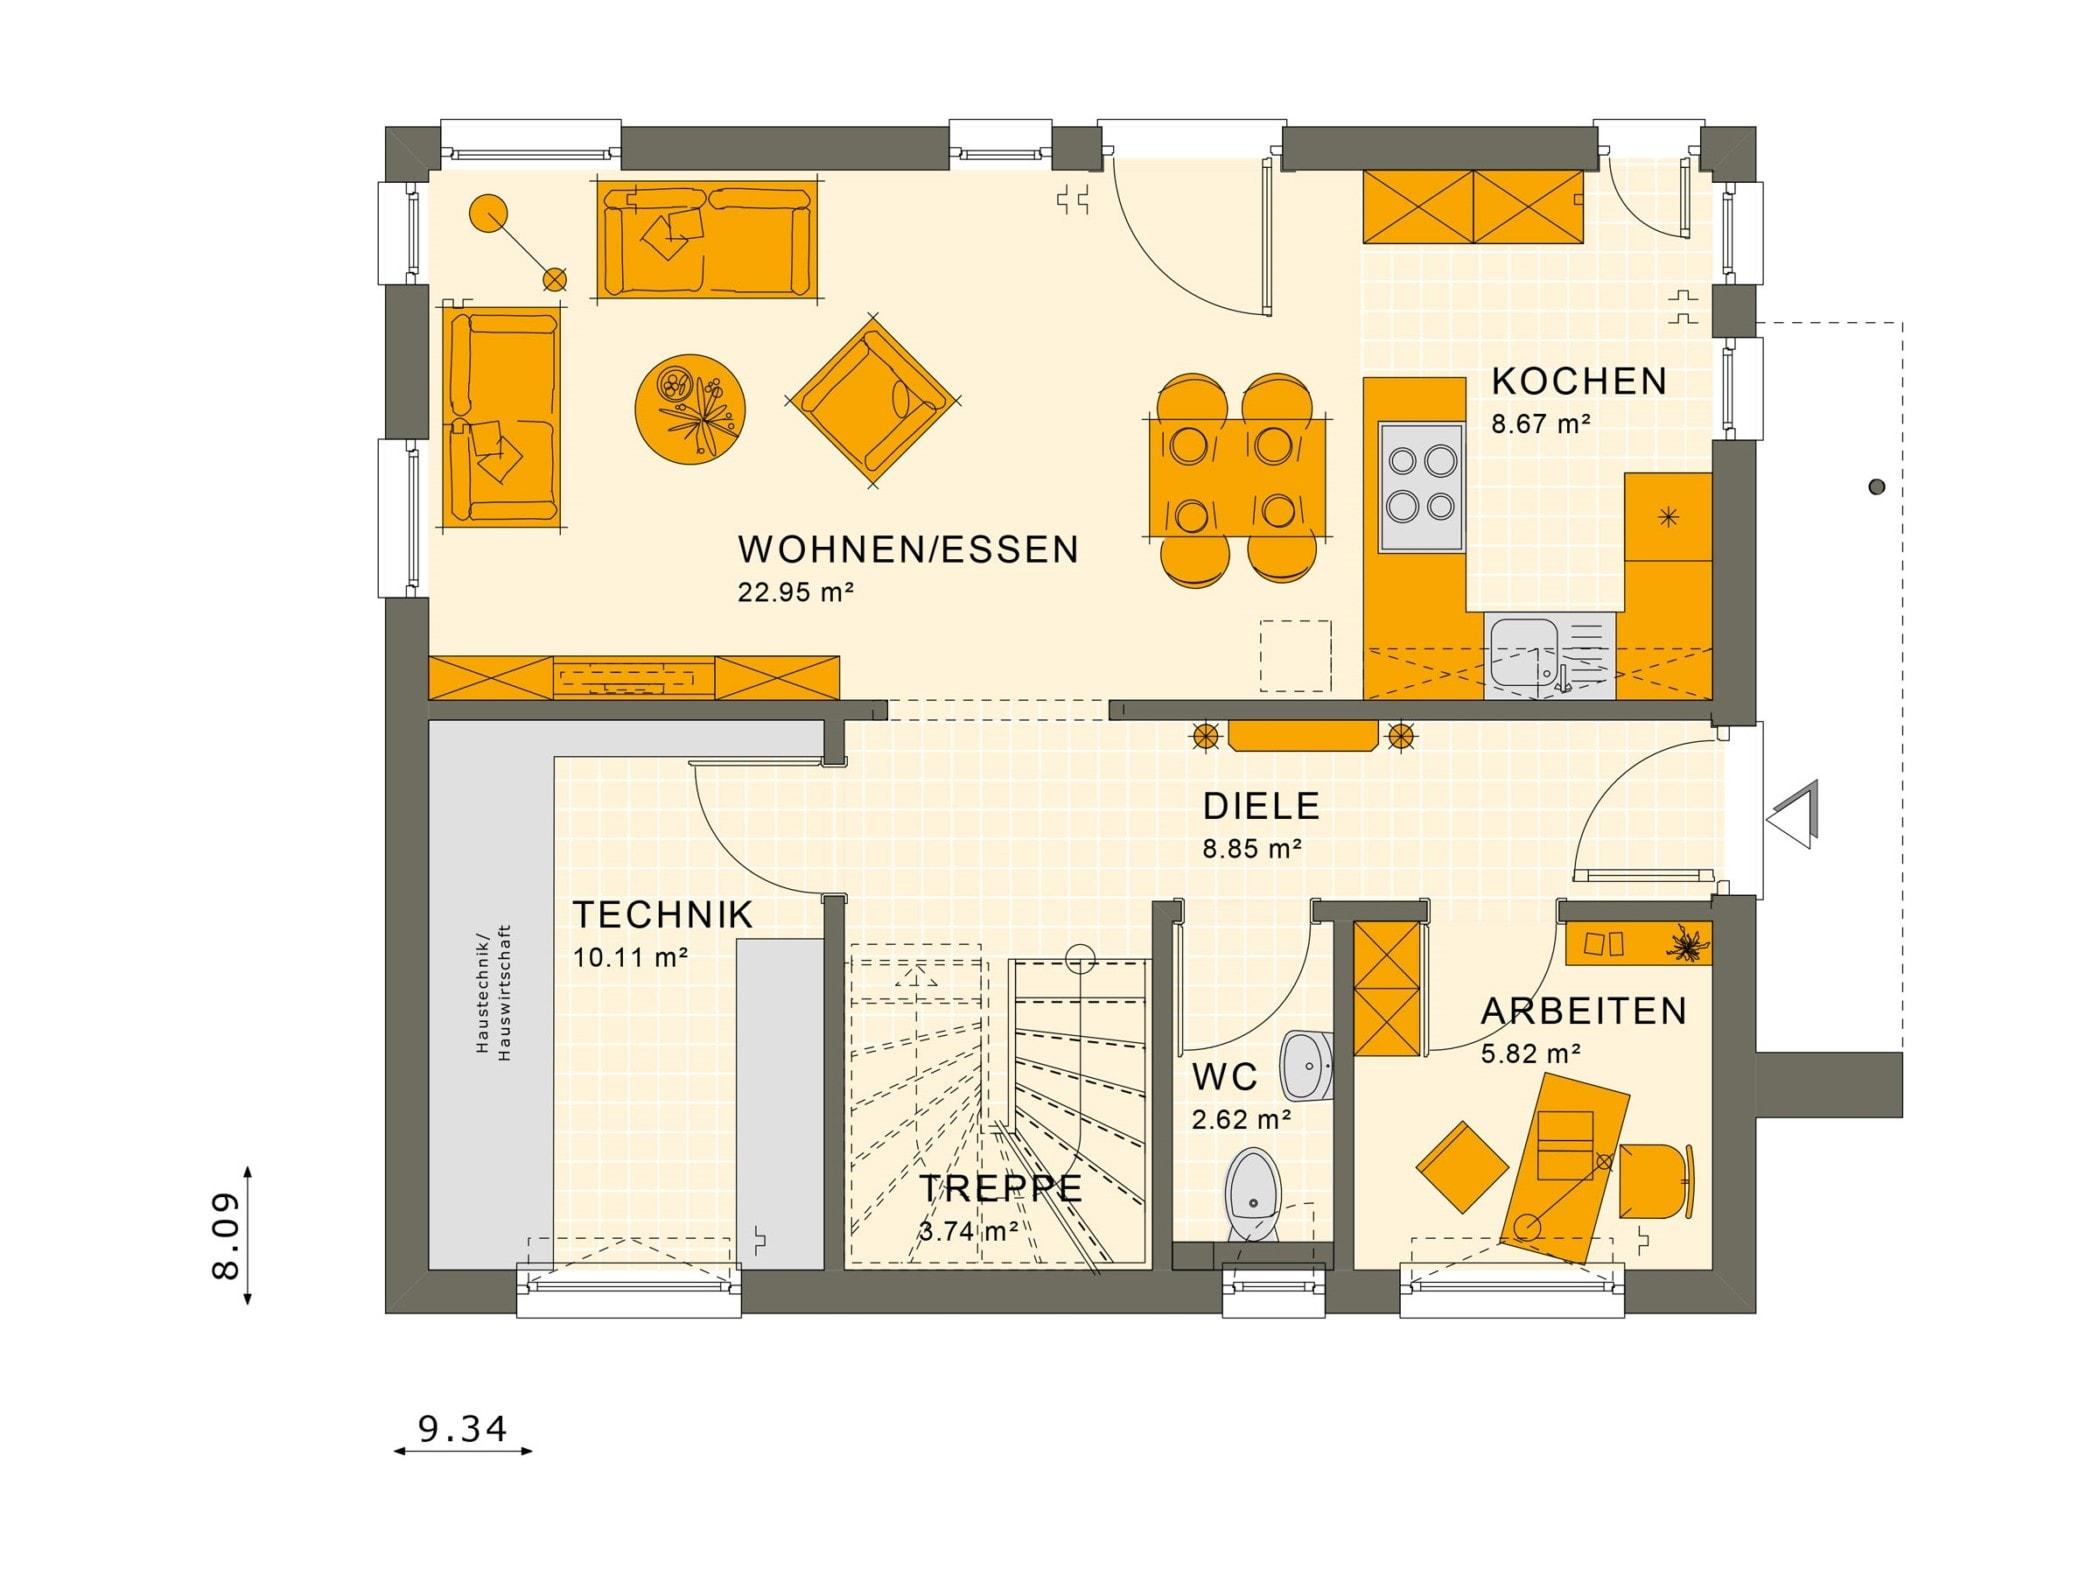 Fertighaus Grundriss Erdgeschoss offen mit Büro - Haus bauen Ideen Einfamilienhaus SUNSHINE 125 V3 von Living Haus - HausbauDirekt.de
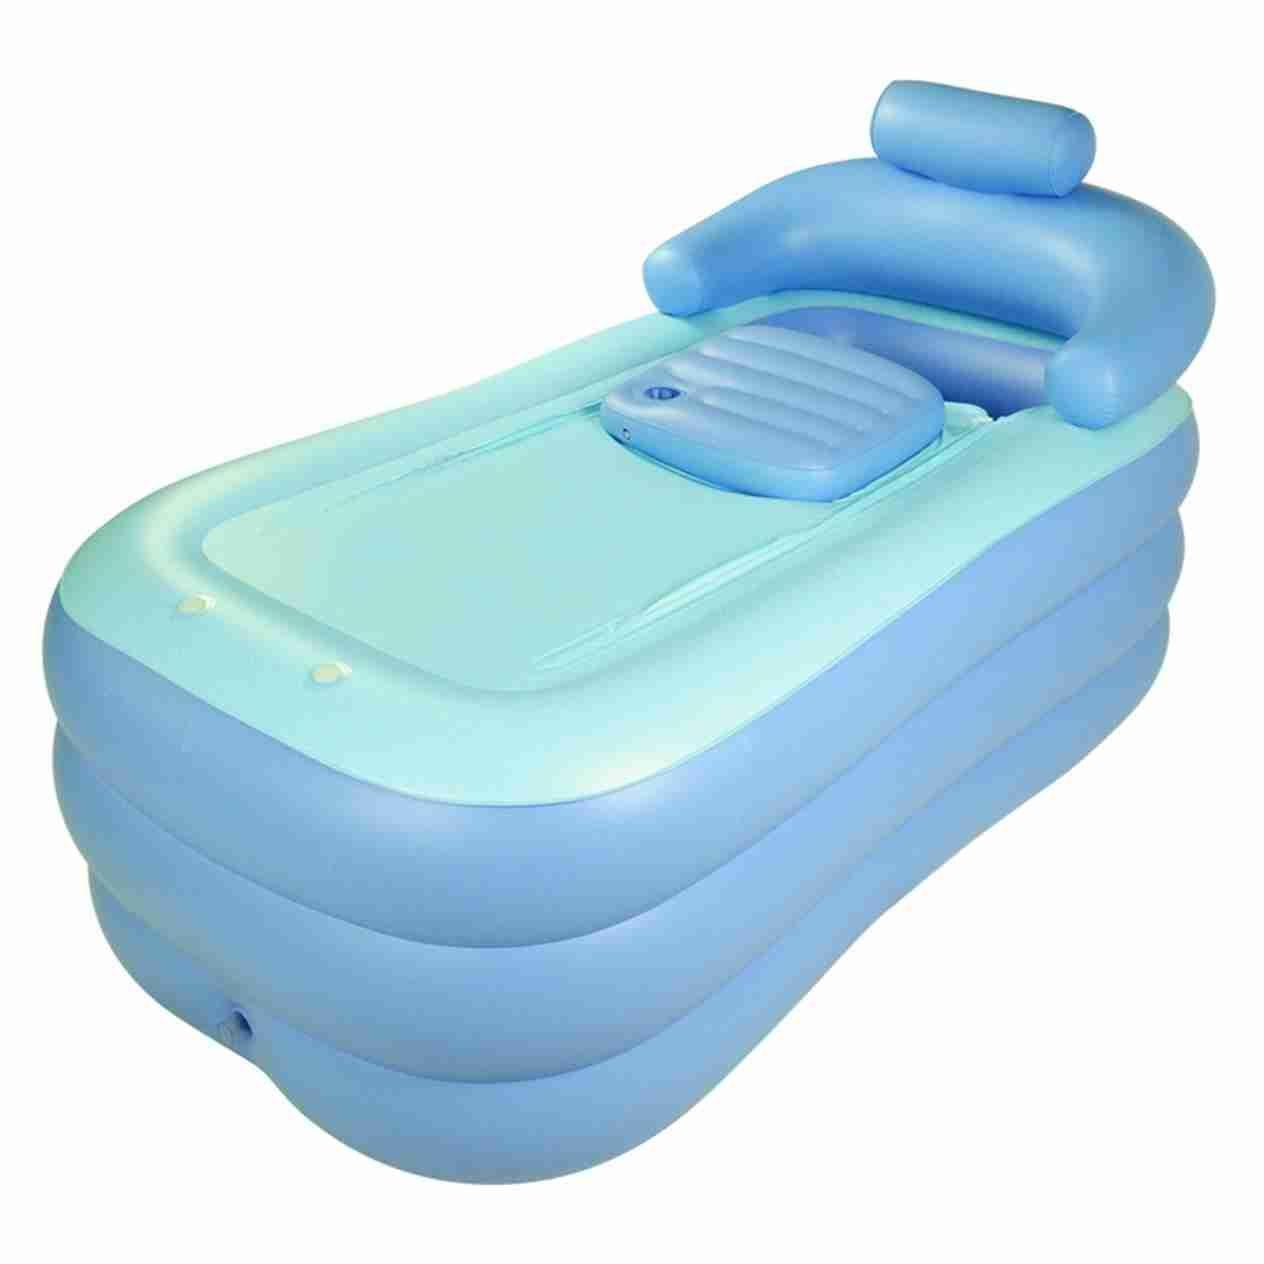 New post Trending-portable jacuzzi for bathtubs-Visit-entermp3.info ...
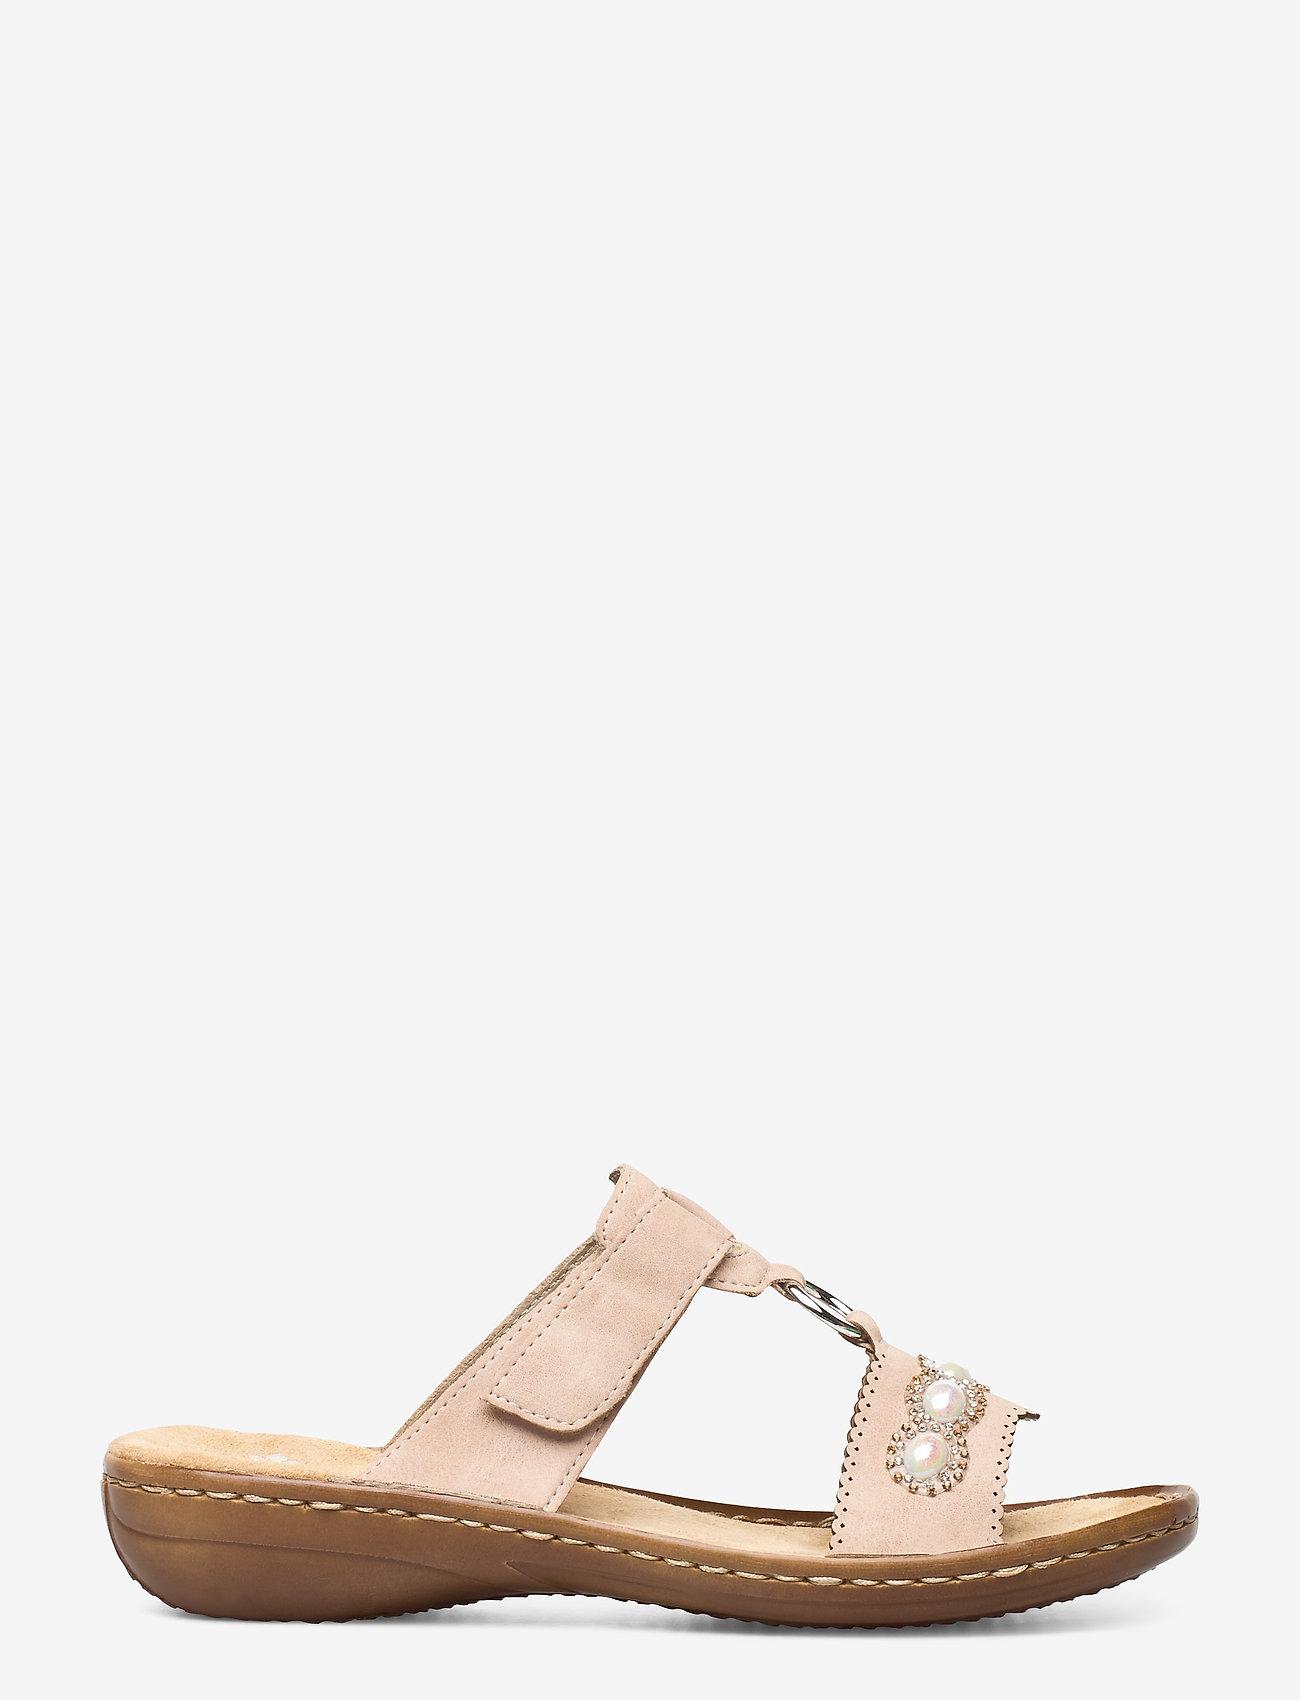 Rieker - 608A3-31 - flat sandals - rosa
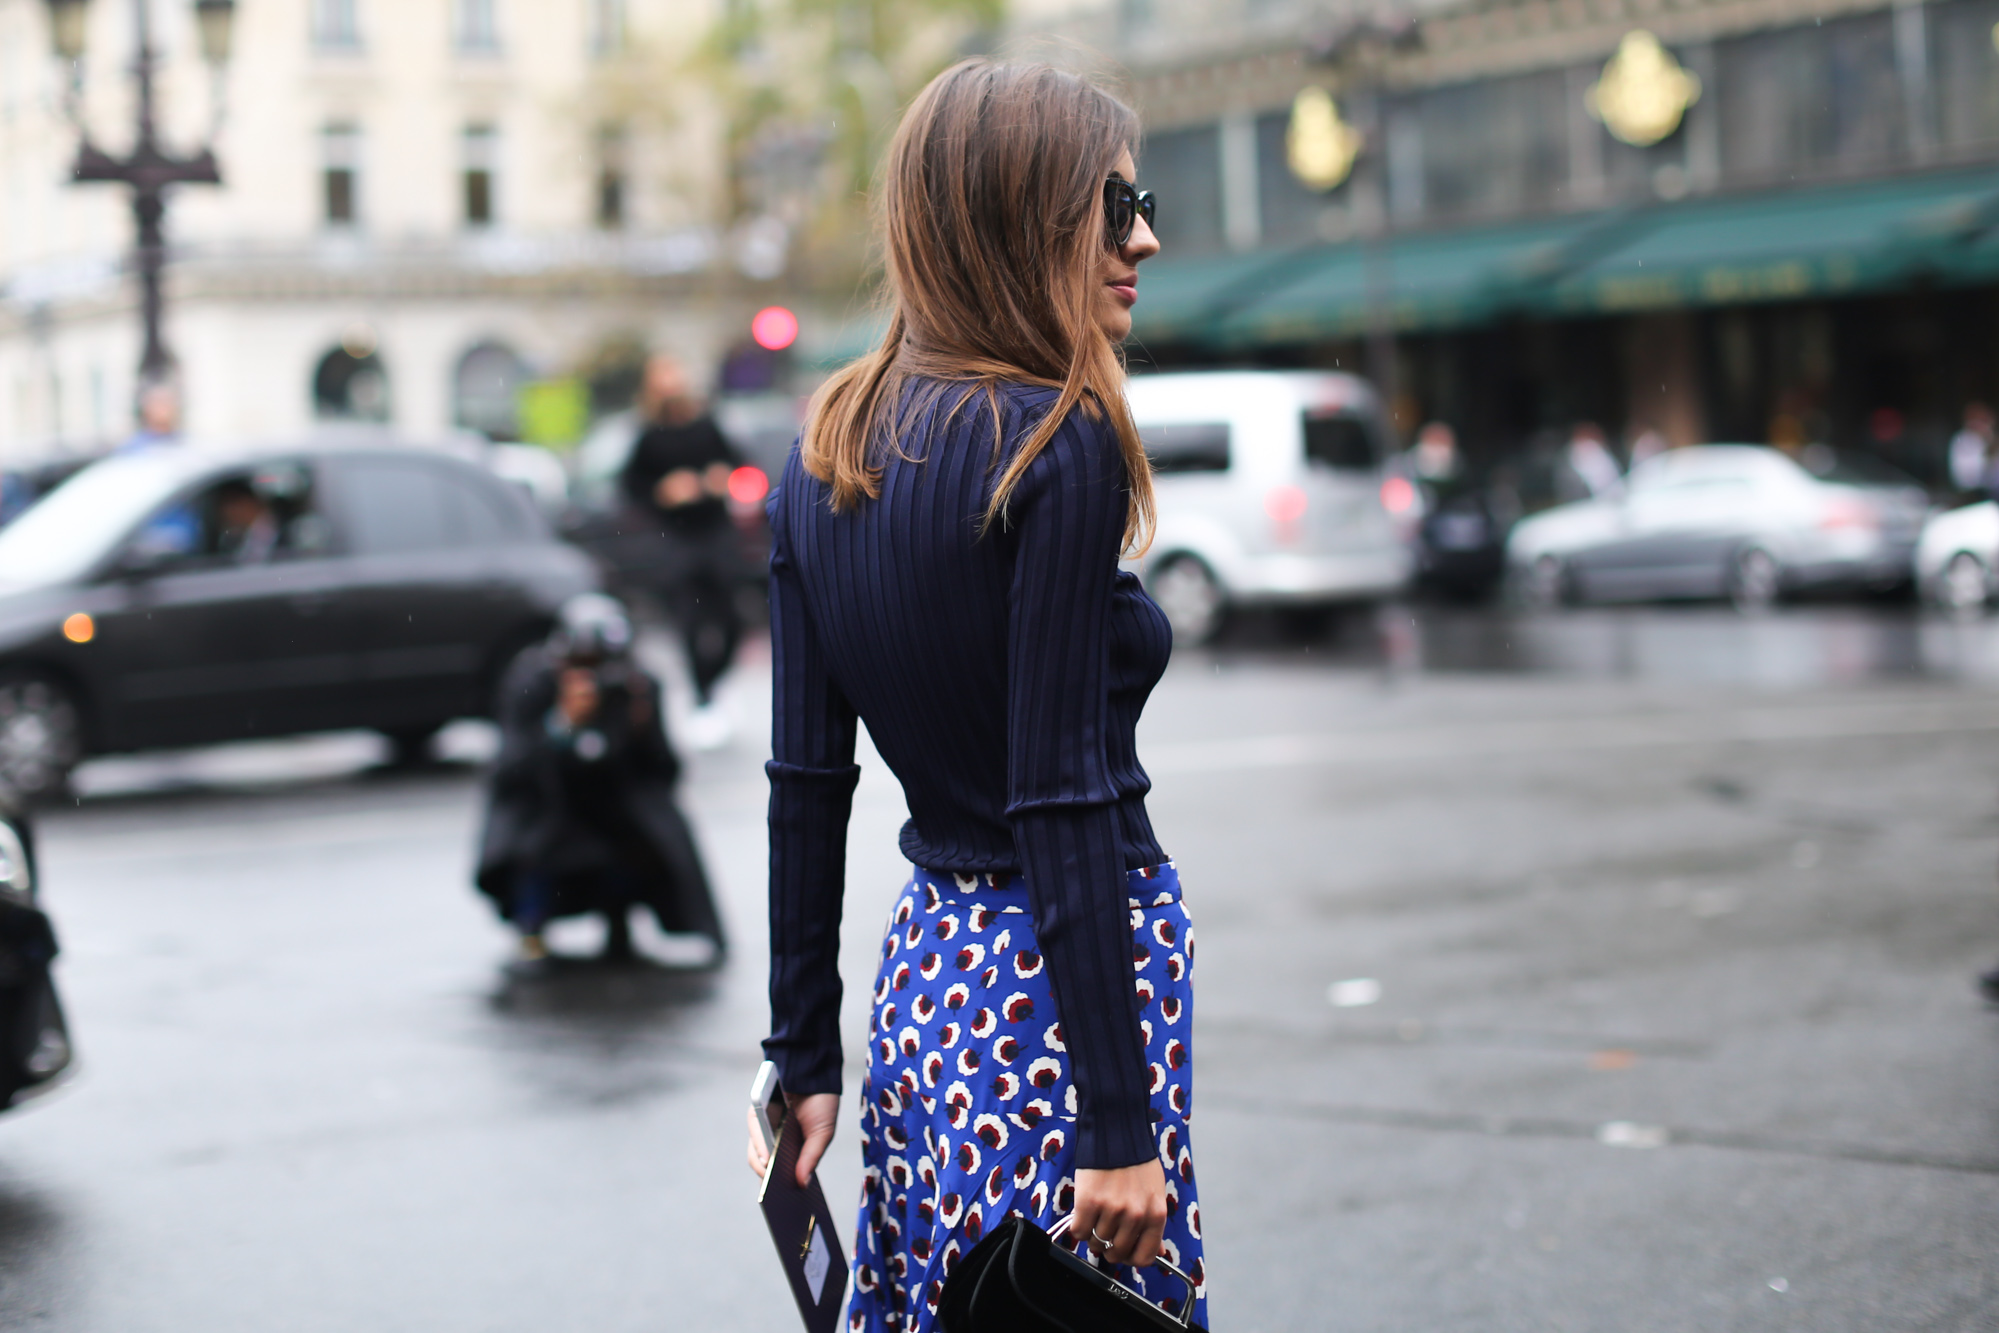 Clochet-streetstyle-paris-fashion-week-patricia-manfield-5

What the exercise asks:
Write out the data word for word, with every picture dropped.

Result:
 Fertighaus Grundriss Erdgeschoss offen mit Büro - Haus bauen Ideen Einfamilienhaus SUNSHINE 125 V3 von Living Haus - HausbauDirekt.de
 New post Trending-portable jacuzzi for bathtubs-Visit-entermp3.info ...
 Rieker - 608A3-31 - flat sandals - rosa
 Clochet-streetstyle-paris-fashion-week-patricia-manfield-5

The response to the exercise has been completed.